# [Data]
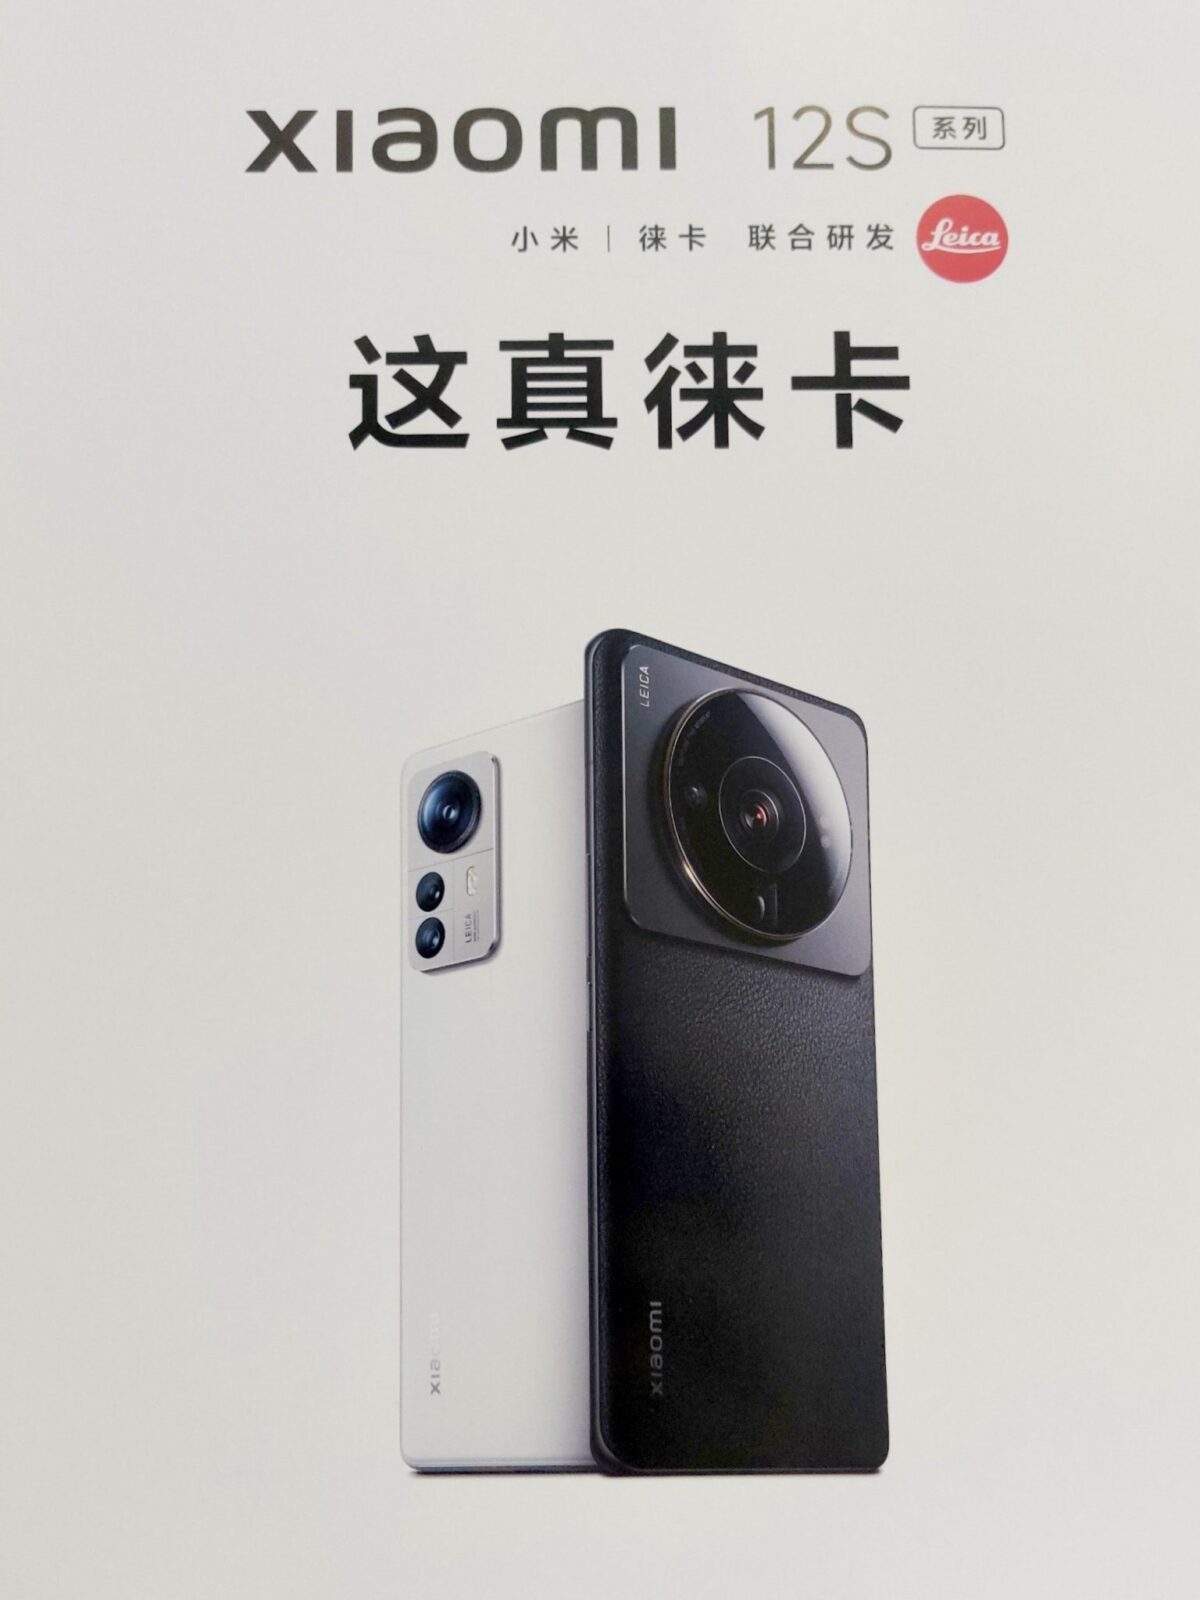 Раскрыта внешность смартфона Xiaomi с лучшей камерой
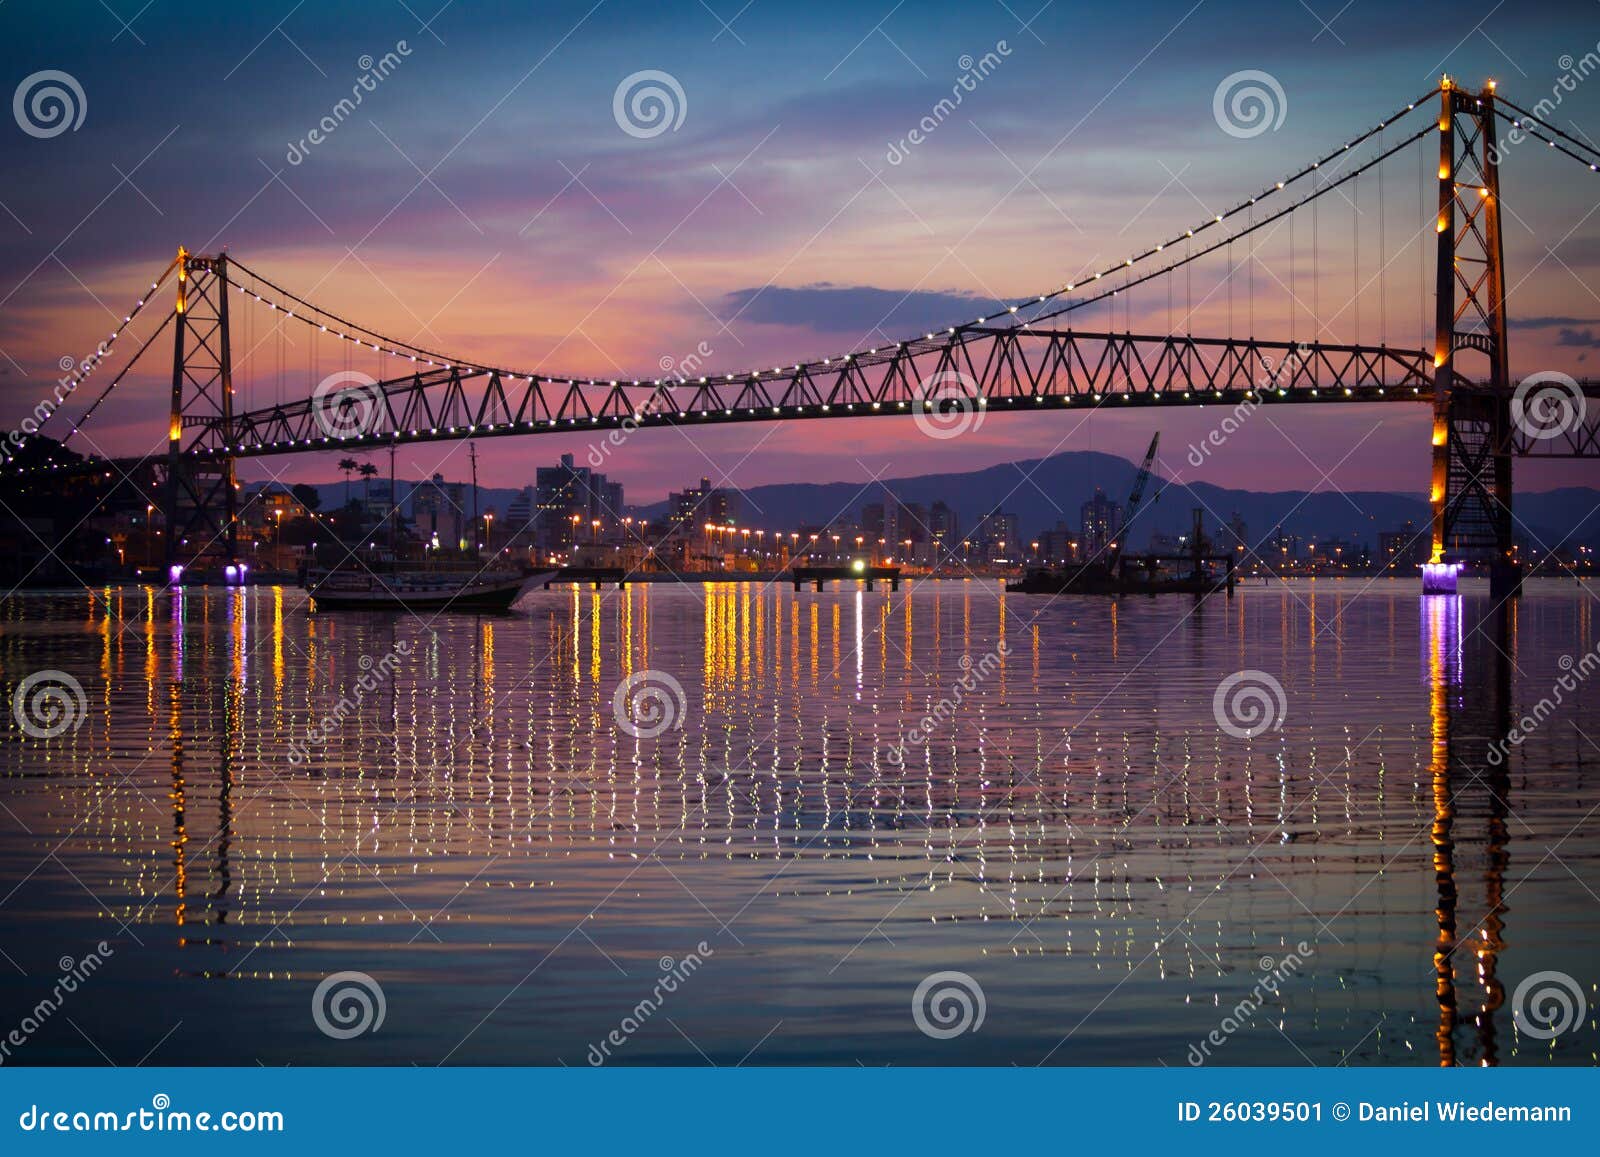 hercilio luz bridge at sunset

* * *

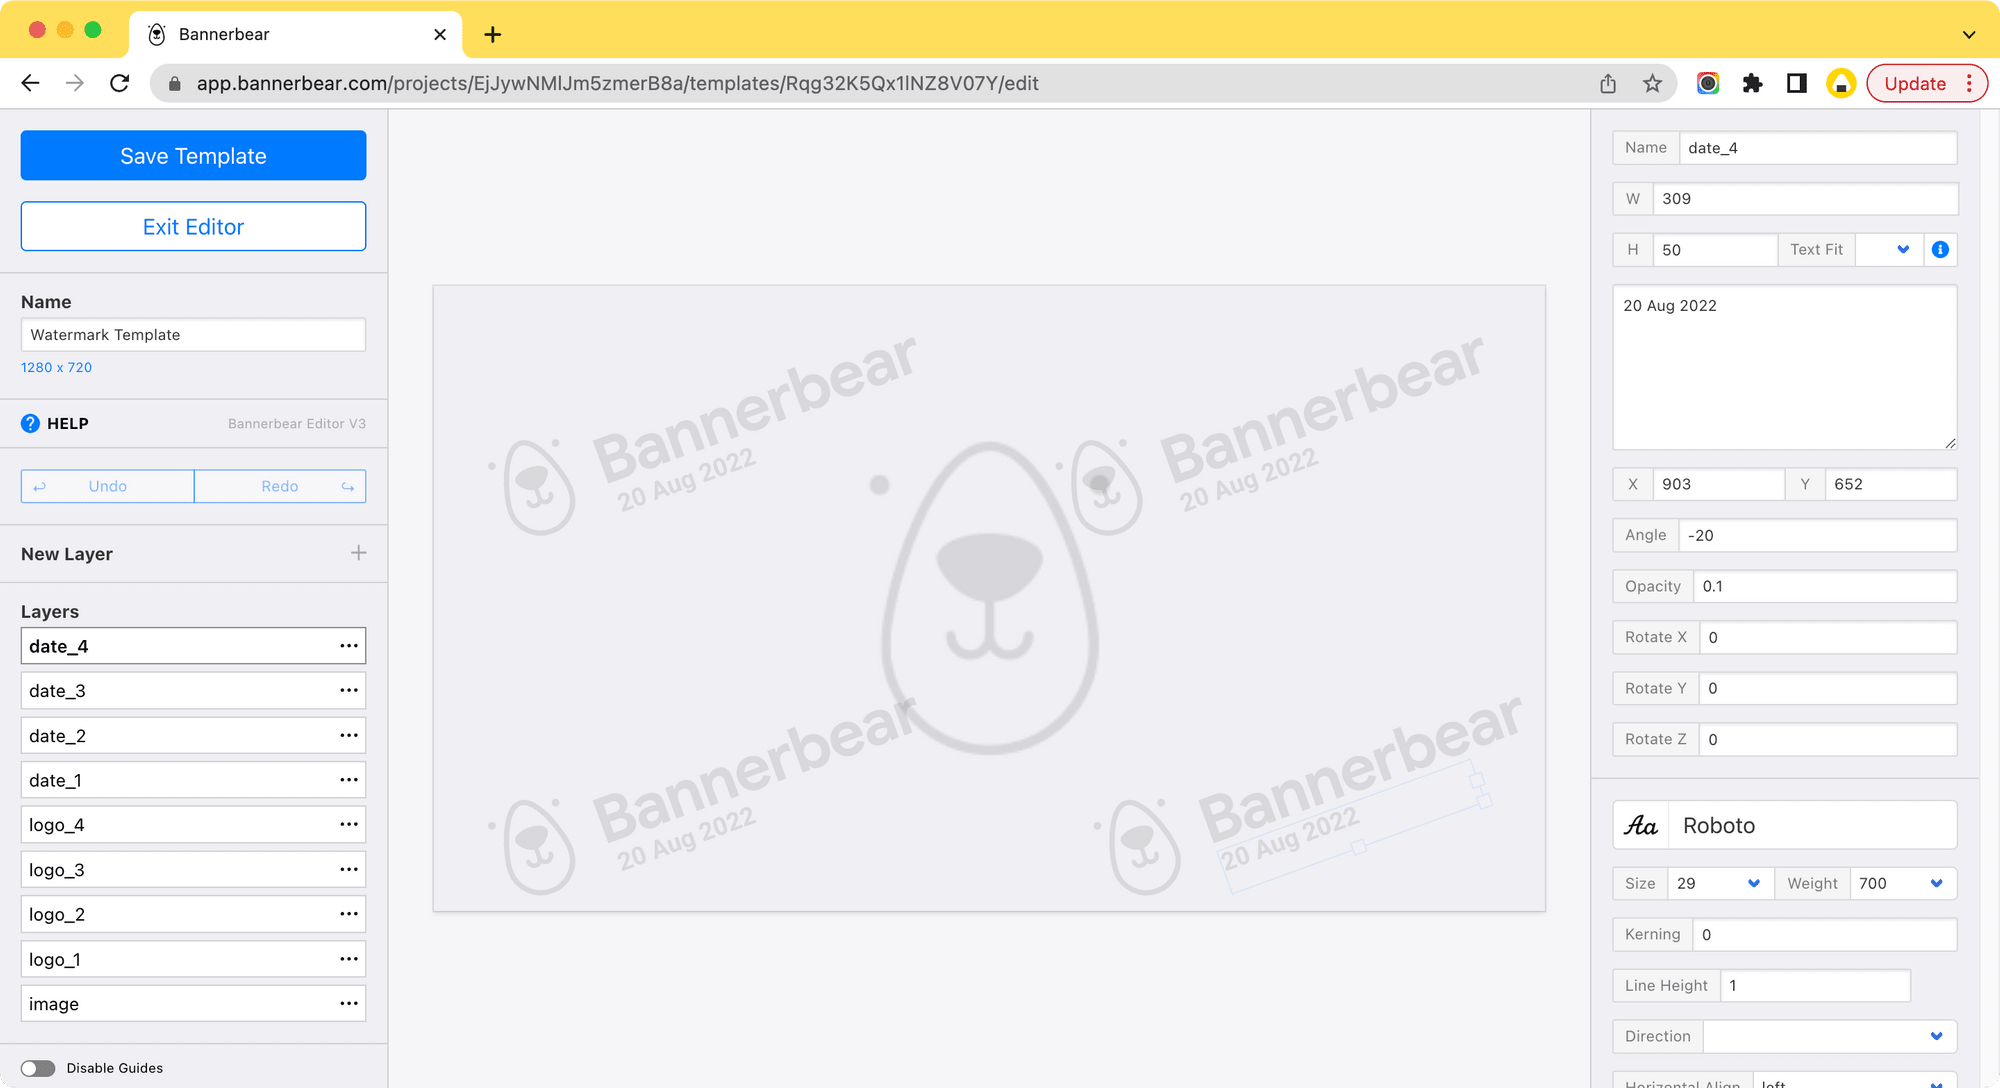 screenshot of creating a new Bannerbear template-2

--

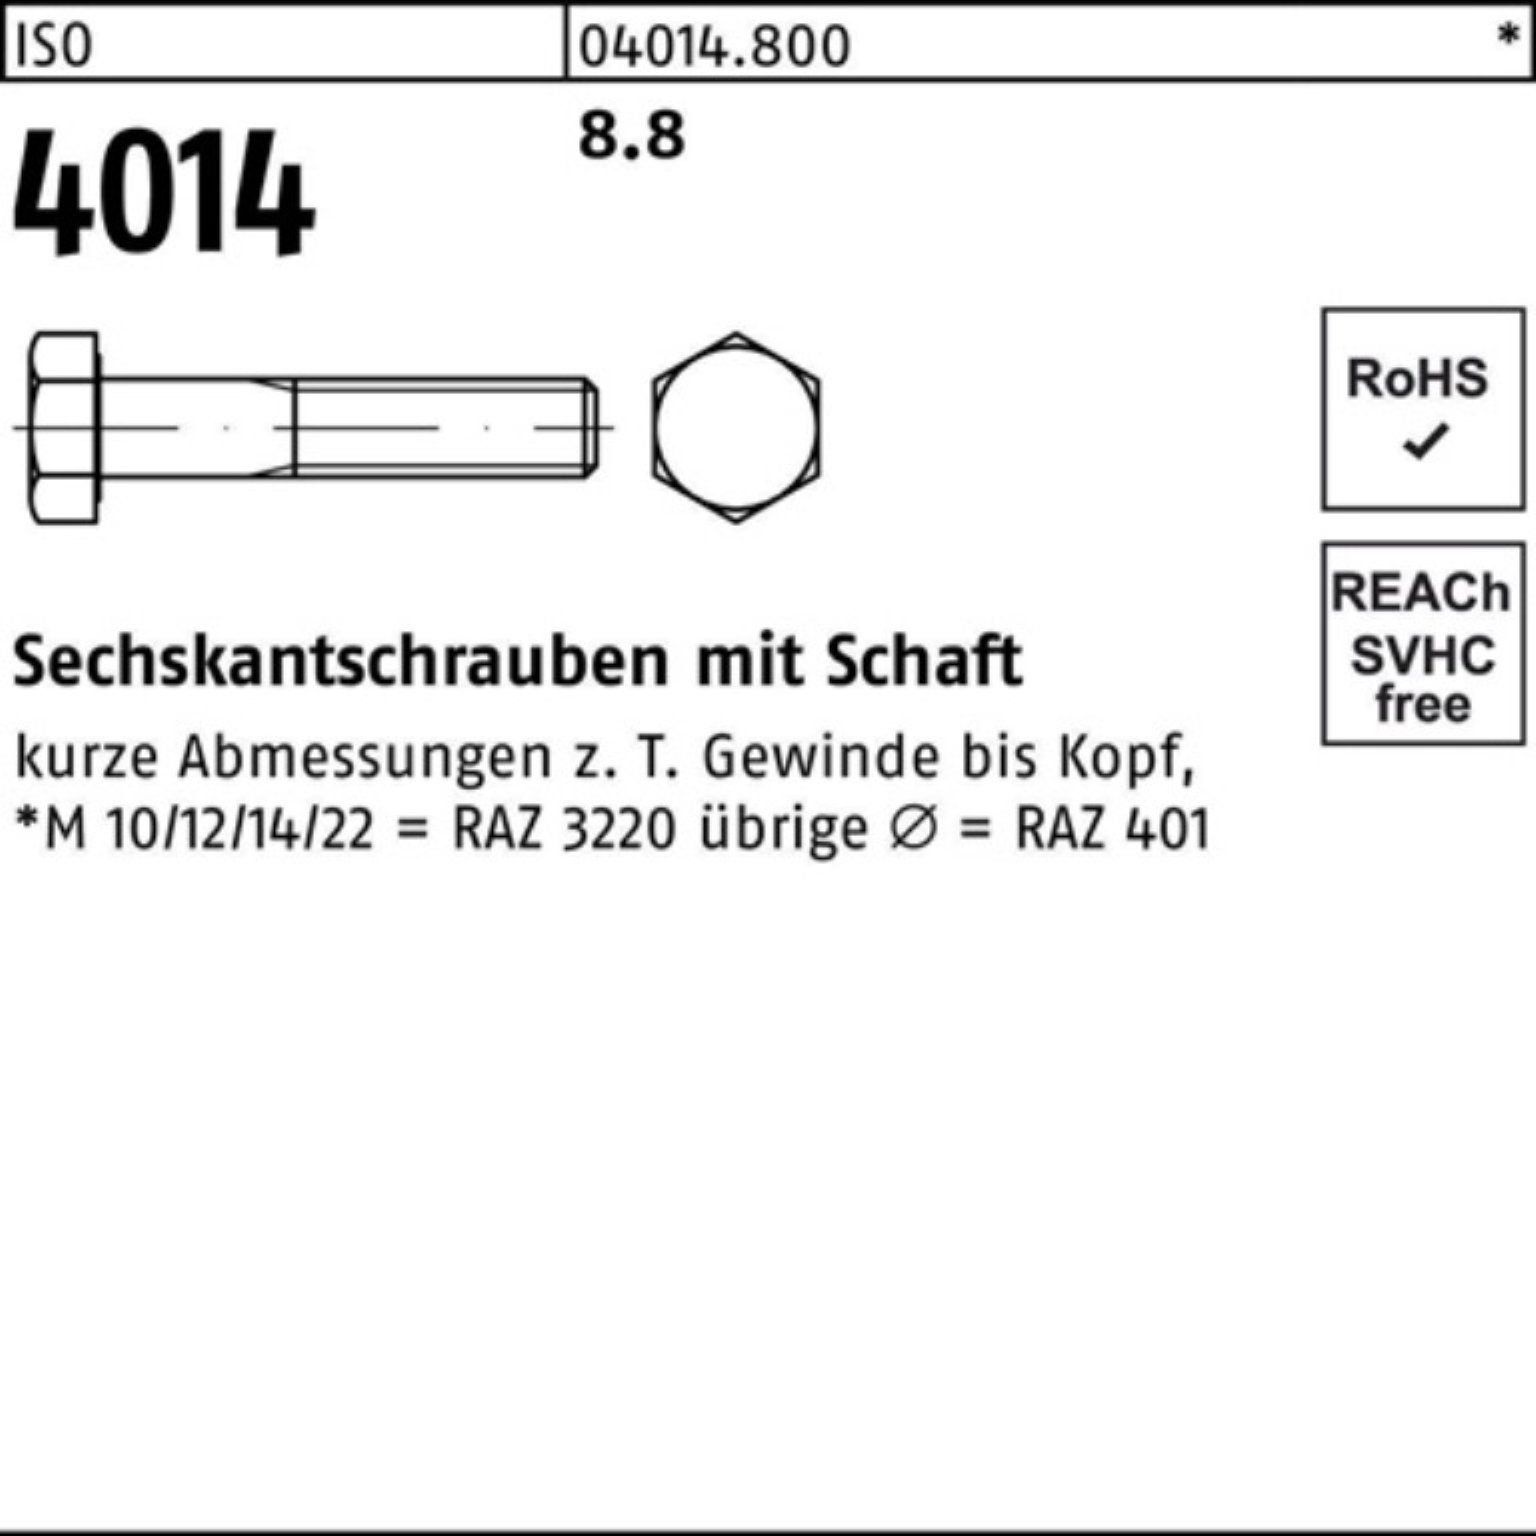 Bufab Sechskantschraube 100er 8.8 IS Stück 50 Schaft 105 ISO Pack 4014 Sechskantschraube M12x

# [Exercise objective]
Excerpt from the records above: set down only the lines from the one that contains "Раскрыта внешность смартфона" through the one that contains "hercilio luz bridge at sunset", inclusive, word for word. Pictures stay out.

# [Expected answer]
 Раскрыта внешность смартфона Xiaomi с лучшей камерой
 hercilio luz bridge at sunset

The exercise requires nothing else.